Тетрадки под дождём - Виктор Голявкин 17 стр.


Из-под дивана выкатились двое других сыновей Петра Петровича.

Из другой комнаты вышел четвёртый сын. Он был постарше этих. Но младше меня. Он молча смотрел на нас. Он хотел что-то спросить. Я это чувствовал. Но он ничего не спрашивал. И я смотрел на него и тоже ничего не спрашивал.

Вдруг он сказал:

- Я рассказ написал.

Мы с Алькой переглянулись.

- Рассказ? - спросил я.

- Ага, - сказал он.

- Ну и что? - спросил я.

- Ничего, - сказал он.

Он опять стал молча смотреть на меня.

- Хочешь прочесть? - вдруг спросил он.

- Давай, - сказал я.

Он протянул мне листок.

- Вслух читай, - сказал он.

Я стал читать вслух. Этот рассказ был написан большими буквами:

РАССКАЗ В ПРОЗЕ А. П. ВОЛОШИНА

НАЗВАНИЕ "ОБИДНО"

МЫ ШЛИ ПО МОКРОМУ ПЕСКУ И ПЕЛИ: "МЫ НА МОРЕ ВСЕ ИДЁМ,

ТА-РА-ТА-РА-ТА-РА-РА!"

ВОТ УЖЕ МОРЕ ВИДНО, СИНЕЕ, БОЛЬШОЕ, С КОРАБЛИКОМ, И МЫ

ЕЩЁ ГРОМЧЕ ЗАПЕЛИ: "МЫ НА МОРЕ ВСЕ ИДЁМ,

ТА-РА-ТА-РА-ТА-РА-РА!"

ВДРУГ РАЗДАЛСЯ ГРОМ, И ВНЕЗАПНО ПОЛИЛ С ШУМОМ ДОЖДЬ.

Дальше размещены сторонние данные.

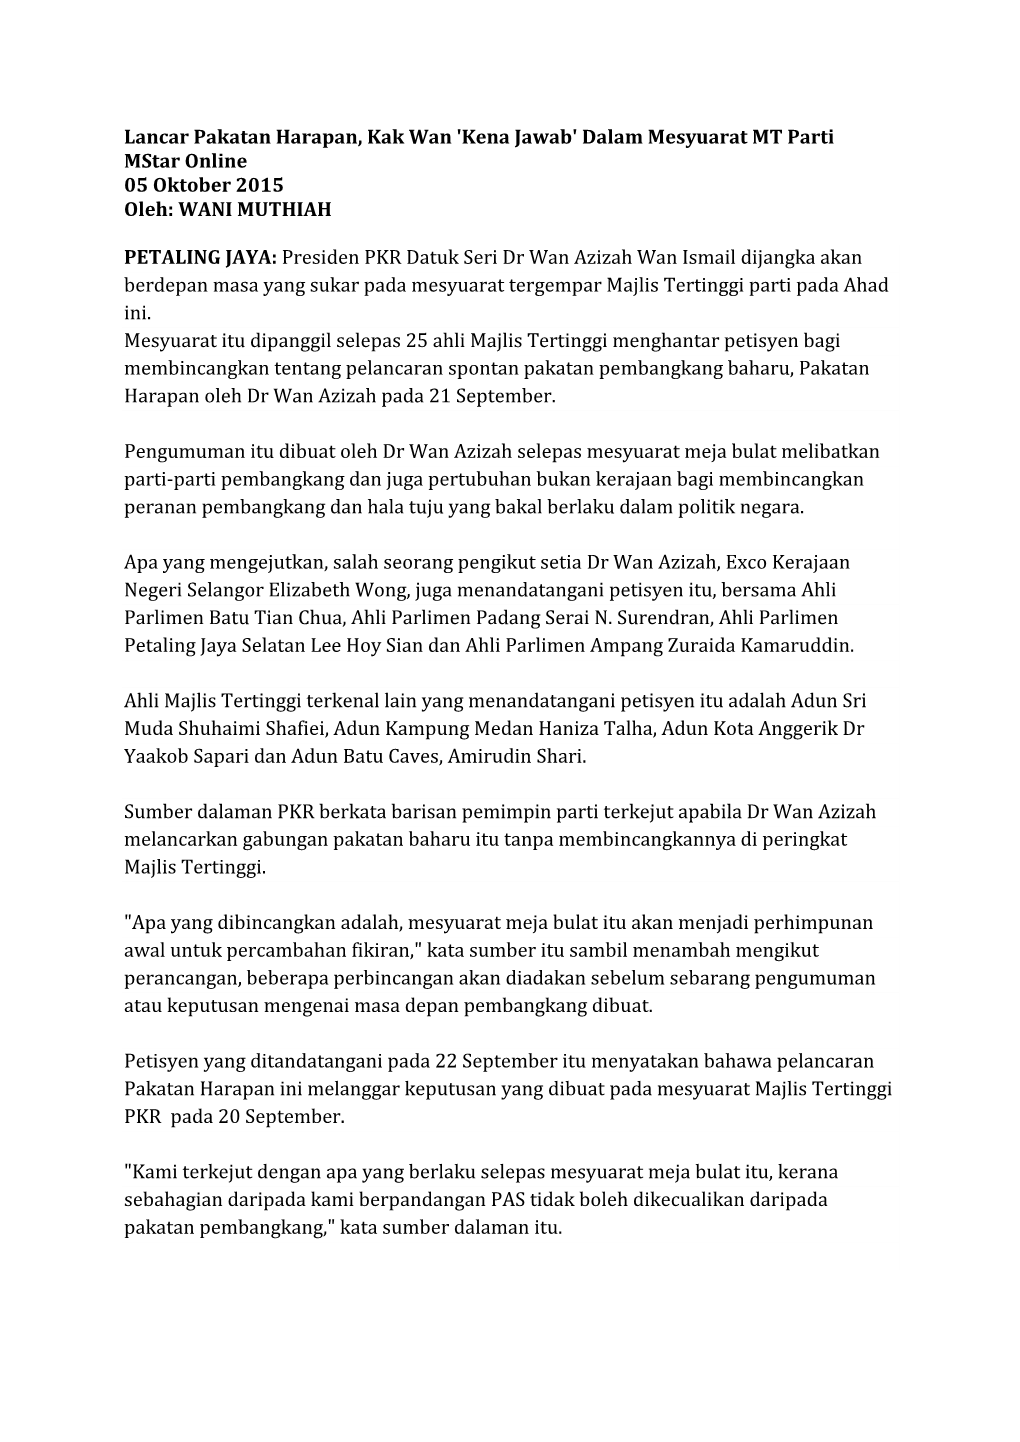 Lancar Pakatan Harapan, Kak Wan 'Kena Jawab' Dalam Mesyuarat MT Parti Mstar Online 05 Oktober 2015 Oleh: WANI MUTHIAH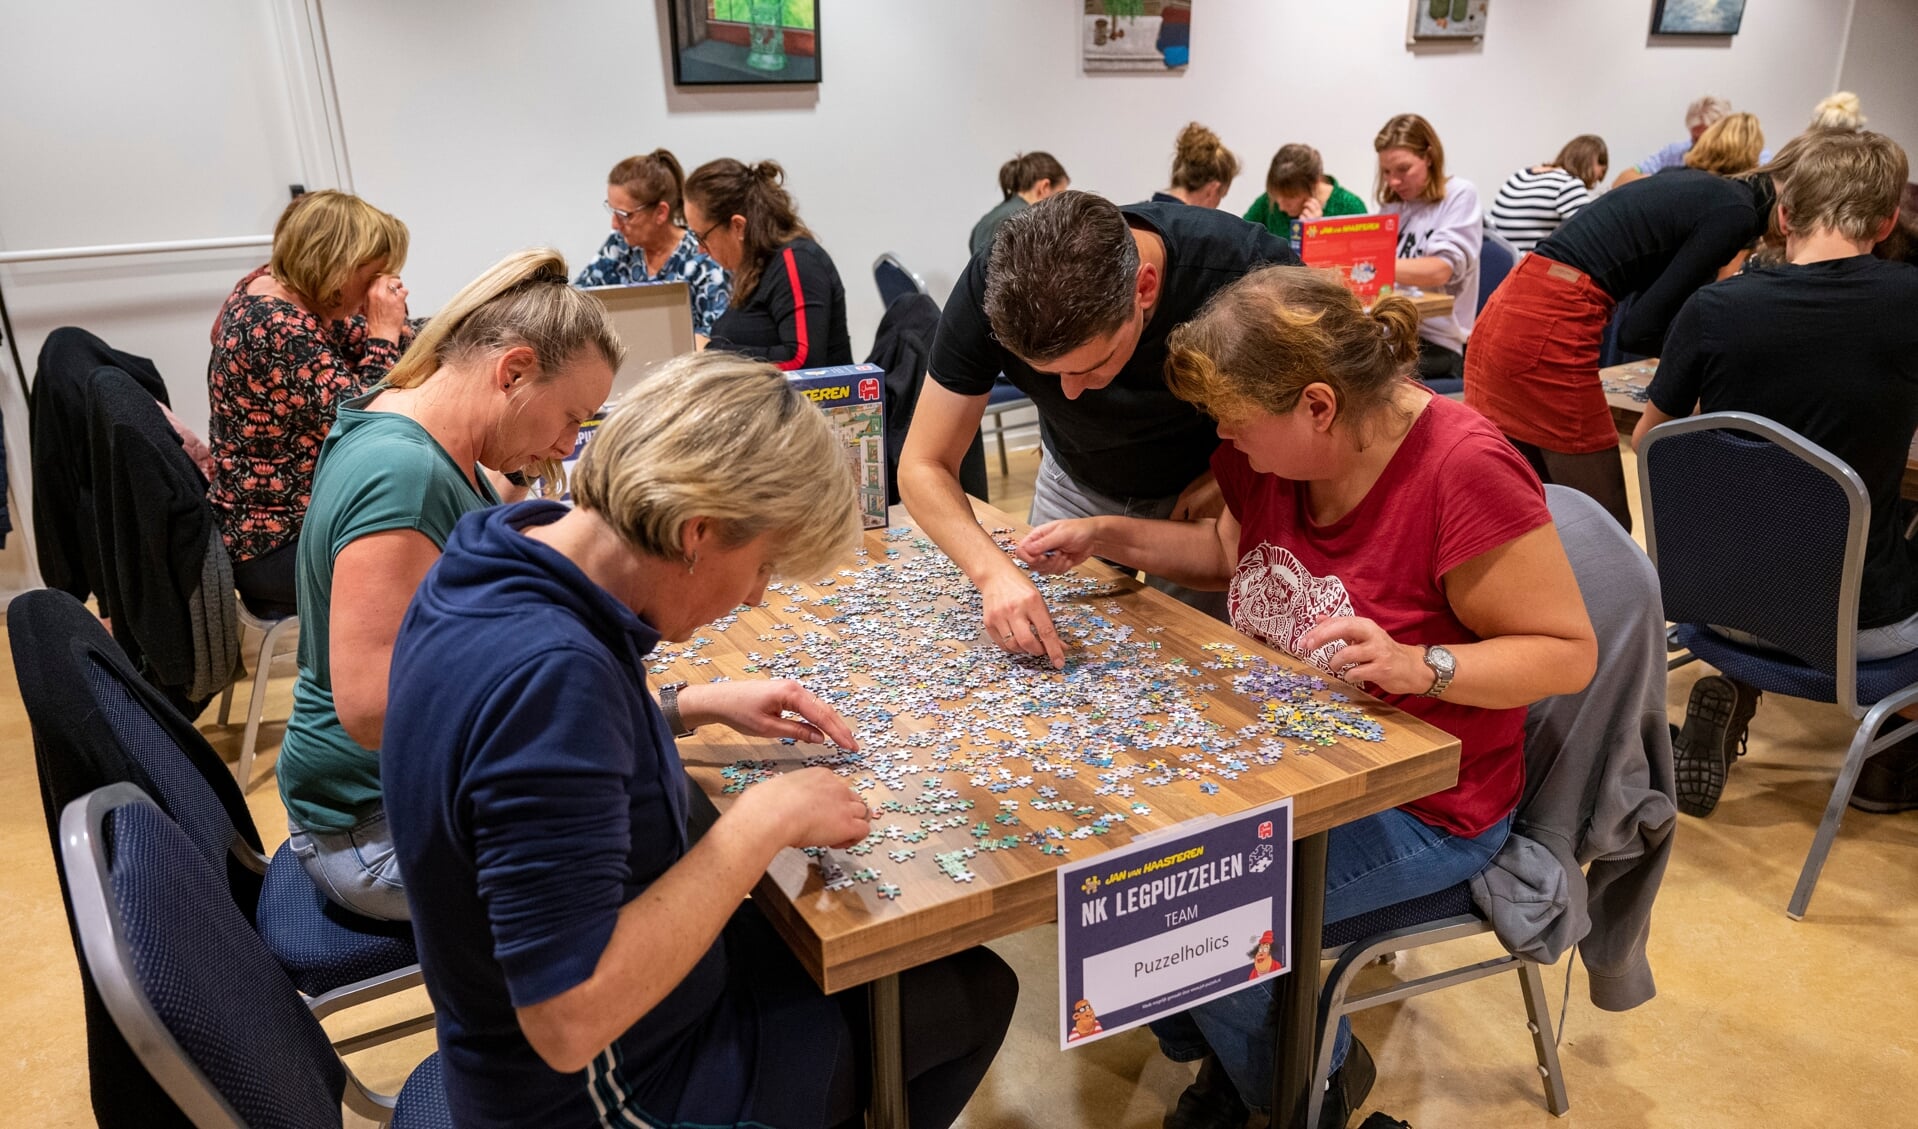 Bij het NK Legpuzzelen draait het er om in teamverband zo snel mogelijk een puzzel van 1000 stukjes te leggen. Foto: Dimmy Olijerhoek Fotografie

- СТОП! - КРИКНУЛ ВОЖАТЫЙ. - НА МОРЕ МЫ НЕ ПОЙДЁМ!

НАМ БЫЛО ОЧЕНЬ ОБИДНО.

Я кончил читать.

- Я ещё напишу, - сказал сын Петра Петровича. Он свернул листок вчетверо. Сунул за пазуху. Вздохнул и сказал: - Если ты хочешь знать, я громадную книгу могу написать. Только мне мешают. Слишком много шума. Скоро мы на новую квартиру переезжаем. Вот там я напишу.

В комнату вошёл Пётр Петрович. Он вёл младшего за ухо. В другой руке Пётр Петрович держал молоток. Малыш всхлипывал.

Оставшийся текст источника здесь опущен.